Checks Before Moving On

  • token_budget_present: every LLM-backed route has an input-token cap, an output-token cap, and a defined action when the cap is exceeded.
  • latency_budget_present: every LLM-backed route has p50/p95/p99 targets and, where streaming, a time-to-first-token target.
  • model_class_chosen: every route names a primary model, a fallback model or refusal contract, and any cascade conditions.
  • serving_capacity: every production route has quota, concurrency, input/output processing saturation, resource-exhaustion signals, and capacity-change owner.
  • cache_strategy_specified: cache layers in use have scope, TTL, invalidation rule, and a target or measured hit rate.
  • retry_bound: retry count, backoff, timeout, idempotency, and worst-case per-call token cost are computed.
  • degradation_path_specified: each failure mode (unavailable, rate-limited, over-budget, malformed) has a user-visible contract and is rehearsed.
  • cost_attribution: every call is tagged by route, feature, and tenant where applicable; spend can be sliced by tag.
  • tail_alerting: alerts cover token-budget breach, resource exhaustion, tail-latency regression, cache-hit regression, fallback rate, retry amplification, and per-tenant cost anomaly.

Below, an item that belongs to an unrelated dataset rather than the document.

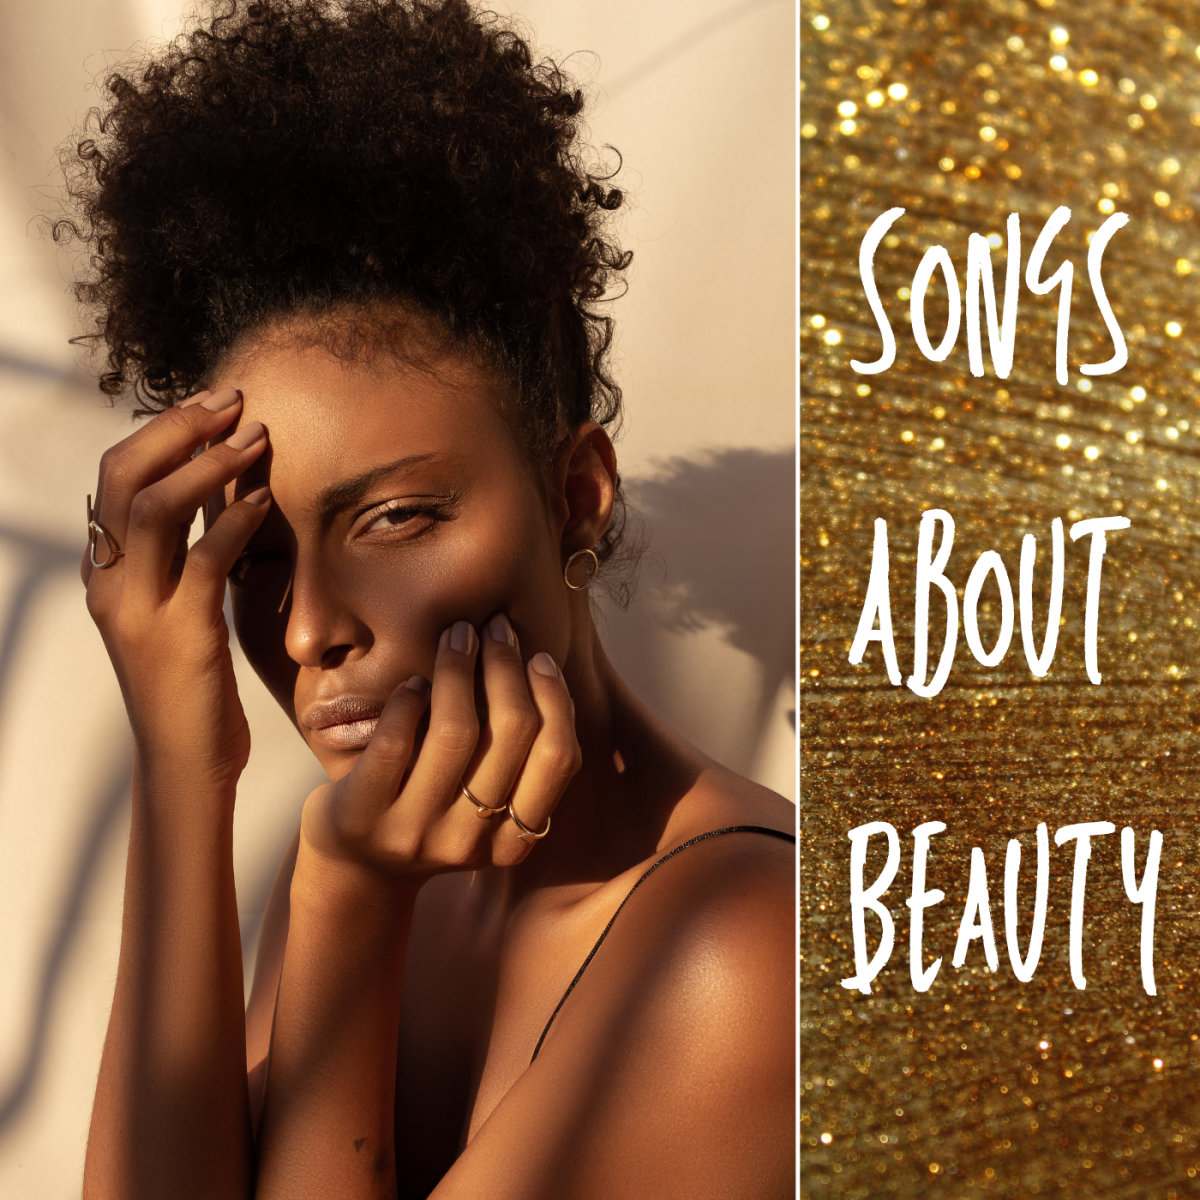 Boost your confidence and celebrate beauty inside and out with a playlist of pop, rock, country, and R&B songs.

Red Flags - Stop And Rework

  • The route has no input or output token cap and assembles its prompt by appending whatever the caller passes.
  • Latency is reported as average only and the tail is not measured.
  • A retry storm during a partial provider outage doubled or tripled spend and no retry cap or circuit broke the loop.
  • Schema-constrained or tool-call output retries silently until success, with no reattempt cap.
  • Cache "works" but hit rate is unmeasured; cost behavior changes when the prompt template is edited and no owner notices.
  • The fallback path is documented but has never been exercised; provider failure produces a real outage.
  • Spend is reported in aggregate only and per-tenant or per-feature cost cannot be sliced.
  • Streaming is used for latency optics but the caller still waits for the full response before rendering.

Common Mistakes

Mistake Correction
Picking the largest model by default Match the smallest acceptable model to the route's quality bar; name the fallback.
Treating the prompt as free-form Cap input tokens at the assembler and reject prompts that exceed the budget.
Caching without scope rules Scope cache by tenant where prompts contain tenant data; state TTL and invalidation.
Unbounded retries on schema failures Cap reattempts; treat schema failure as a counted failure mode.
Average-latency budgets Budget p95 and p99; for interactive paths, also budget time-to-first-token.
No degraded contract Define what the user sees when the primary model is unavailable; rehearse it.
Aggregate spend only Tag every call by route, feature, and tenant; alert on per-tag anomalies.
Confusing cache layers Distinguish prompt-prefix, embedding, full-response, and semantic caches; each has different determinism.